# Masteron on cruise



## Trump (Jul 31, 2018)

I been reading up a bit on masteron on this forum and a few others. I have seen some use mast and test for there cruise. I have also read one guy takes mast and test all year round and on his blast he just doubles it. My question is is adding mast to your cruise dose just another cycle or still a cruise and if you did add it would you reduce your test dosage or keep it the same. Sorry I keep posting theses threads one after the other but I just trying to learn


----------



## Jin (Jul 31, 2018)

Wouldn't effect your test dose. 
Its more for the mental and sexual positives from what I gather. 
Your threshold for cruise vs cycle is up to you. 250/250 could be viewed as a cruise or a half a gram of AAS and thus a cycle. 
Since this is your first (?) cruise I'd recommend going test only. 
No need to pull out any more stops. As I mentioned before, you are a high responder to gear.


----------



## HollyWoodCole (Jul 31, 2018)

Had considered doing this myself as well....currently on mast and its great.


----------



## Trump (Jul 31, 2018)

Jin said:


> Wouldn't effect your test dose.
> Its more for the mental and sexual positives from what I gather.
> Your threshold for cruise vs cycle is up to you. 250/250 could be viewed as a cruise or a half a gram of AAS and thus a cycle.
> Since this is your first (?) cruise I'd recommend going test only.
> No need to pull out any more stops. As I mentioned before, you are a high responder to gear.


 
I was actually reading up on it for a cycle and then came across it’s use on a cruise. So just put the question out there


----------



## motown1002 (Jul 31, 2018)

Im cruising and added Mast as well.


----------



## Trump (Jul 31, 2018)

motown1002 said:


> Im cruising and added Mast as well.



What doses and how is it going??


----------



## motown1002 (Jul 31, 2018)

250/250.  Just enough to keep the drive alive and kicking.


----------



## HollyWoodCole (Jul 31, 2018)

motown1002 said:


> 250/250.  Just enough to keep the drive alive and kicking.


That's roughly what I was planning.


----------



## PillarofBalance (Jul 31, 2018)

Dizzle named this "trt +"

Trt plus mast is ****ing awesome. Do it. 200mg weekly.


----------



## Gadawg (Jul 31, 2018)

Since mast doesnt aromatize, what does one have to look out for when adding it to a trt protocal?


----------



## Uncle manny (Jul 31, 2018)

Hair loss.


----------



## KINGIV (Jul 31, 2018)

Uncle manny said:


> Hair loss.



I shaved my head already but my concern would be prostate.


----------



## jennerrator (Jul 31, 2018)

KINGIV said:


> I shaved my head already but my concern would be prostate.

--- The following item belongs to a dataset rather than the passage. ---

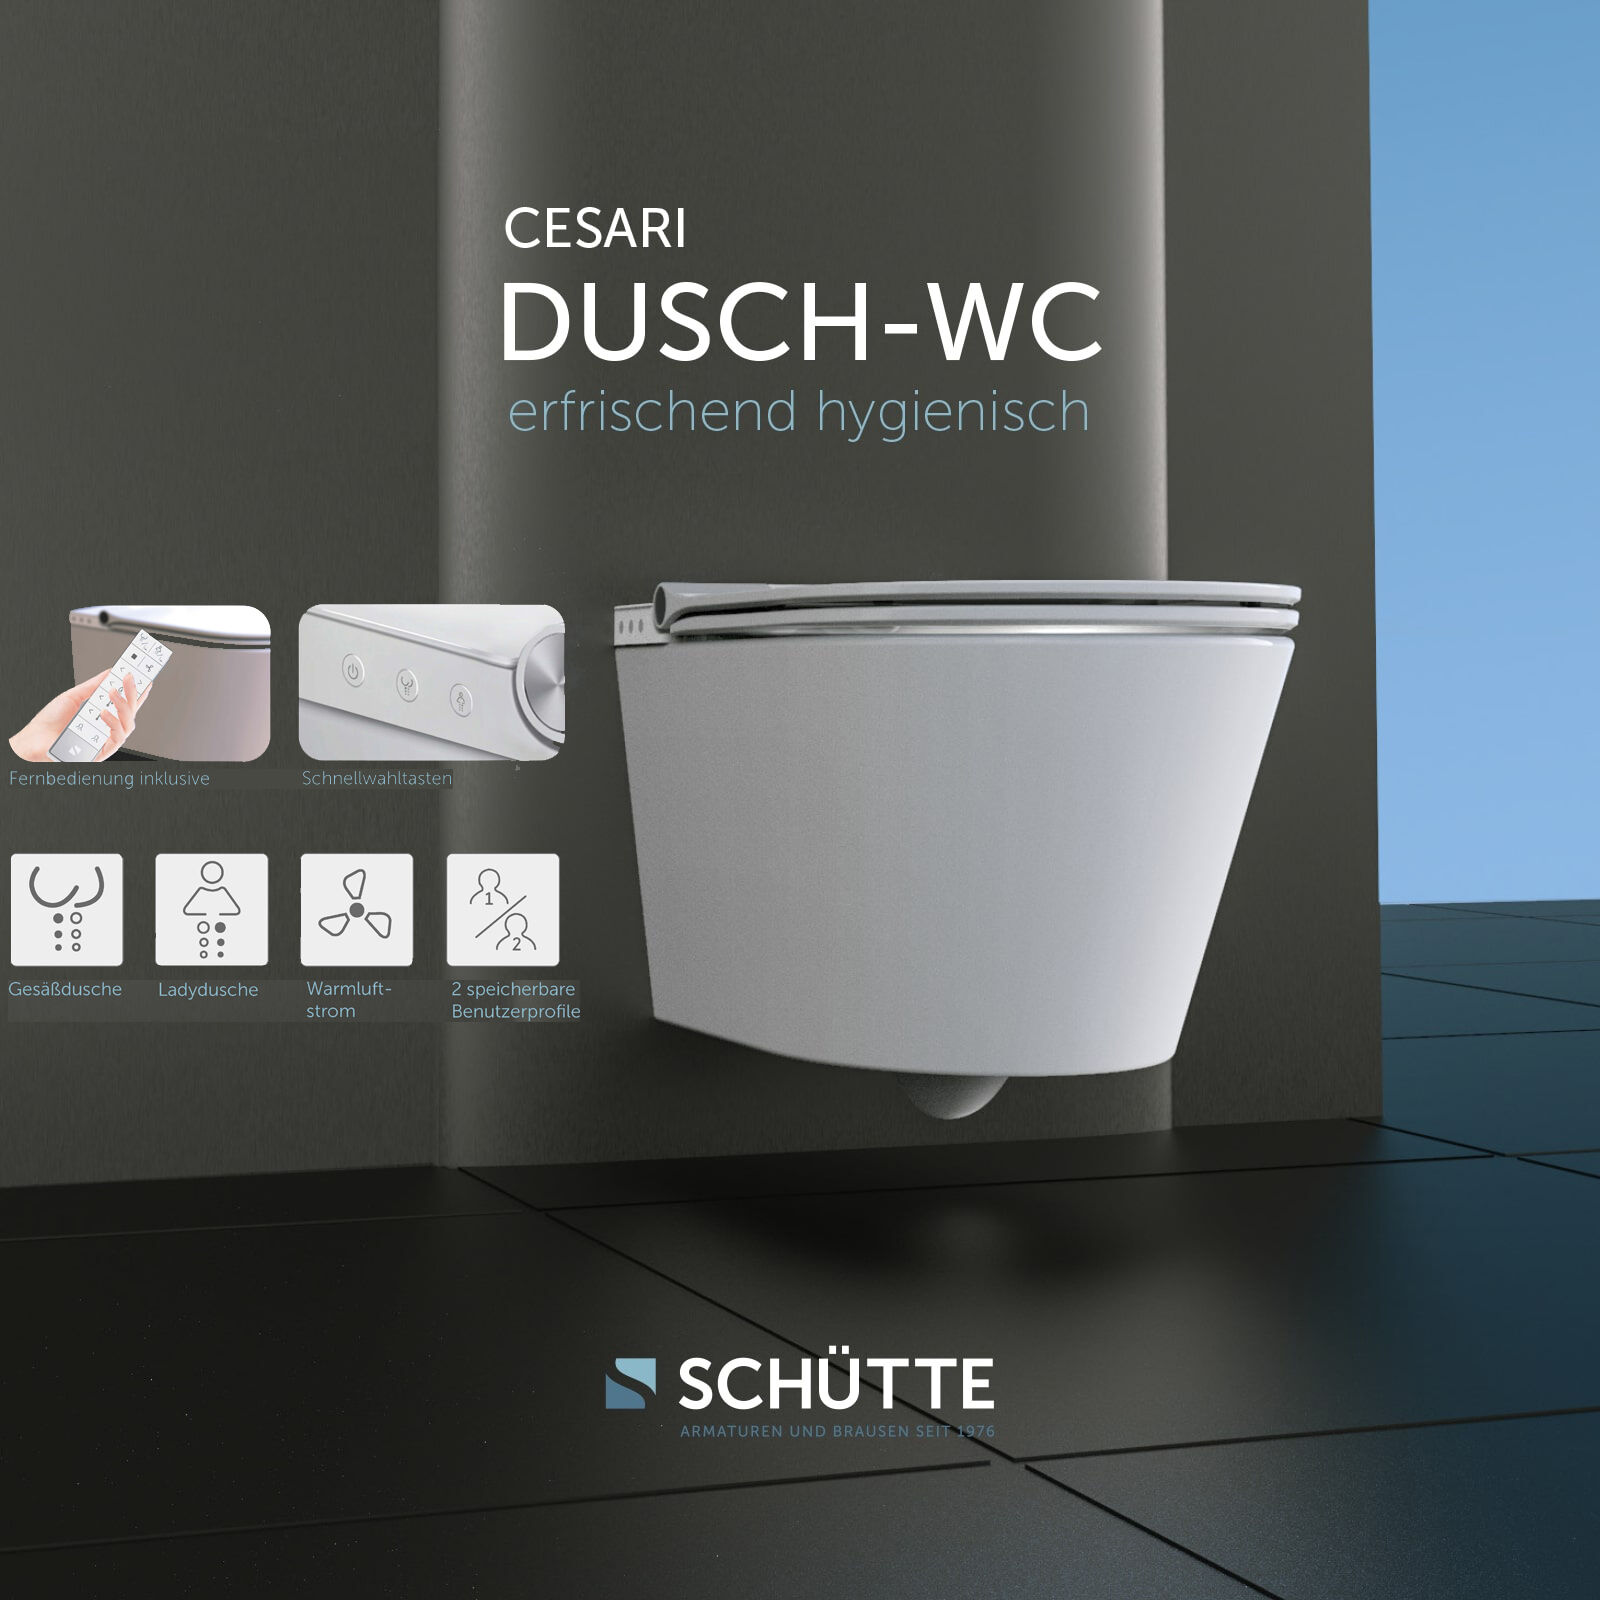 Schütte CESARI Dusch WC, spülrandlos, mit Slim WC-Sitz | BadeDu

I'm thinking about shaving my head...LOL


----------



## motown1002 (Jul 31, 2018)

Look what it did to me.  lol   Jenn you would be hot with a bald head.  Wait, I thought you shaved already......  lol


----------



## jennerrator (Jul 31, 2018)

motown1002 said:


> Look what it did to me.  lol   Jenn you would be hot with a bald head.  Wait, I thought you shaved already......  lol



lmao...short hair cut but hey....I will leave just a tad to rub...hahahahahahaha

and yes...I hate body hair!!!


----------



## motown1002 (Jul 31, 2018)

And I didn't mean your head.  lol  Im with you on the body hair.  No thanks!


----------



## Trump (Jul 31, 2018)

PillarofBalance said:


> Dizzle named this "trt +"
> 
> Trt plus mast is ****ing awesome. Do it. 200mg weekly.



200mg of each?


----------



## motown1002 (Jul 31, 2018)

Yes.  Each.


----------



## PillarofBalance (Jul 31, 2018)

Gadawg said:


> Since mast doesnt aromatize, what does one have to look out for when adding it to a trt protocal?



Hair loss
Prostate hypertrophy 
Possibly acne but rare
Your old lady's pussy will get beat the **** up


----------



## PillarofBalance (Jul 31, 2018)

Trump said:


> 200mg of each?



200 is the min for mast imo. Cruise at whatever you need to cruise at for test.


----------



## HollyWoodCole (Jul 31, 2018)

300/200 test/mast sounds good to me at the moment, will be starting this relatively shortly.


----------



## Gadawg (Jul 31, 2018)

I thought about this briefly but dont wanna risk getting even hornier. On 200 mg test a week, Im pretty insatiable as it is. 

I know a lot of women in my gym and many of them are just unbelievable so being a faithful married man is challenging enough as is. Dont know how you guys running cyles do it. Id be a walking erection.


----------



## Rhino99 (Jul 31, 2018)

Isn't 200 wk mast real low?
I was doing 600mg / week but currently on hold with that until my E2 climbs high enough. Maybe I was doing too much at 600 and that;s why I crashed so hard.


----------



## jennerrator (Jul 31, 2018)

Rhino99 said:


> Isn't 200 wk mast real low?
> I was doing 600mg / week but currently on hold with that until my E2 climbs high enough. Maybe I was doing too much at 600 and that;s why I crashed so hard.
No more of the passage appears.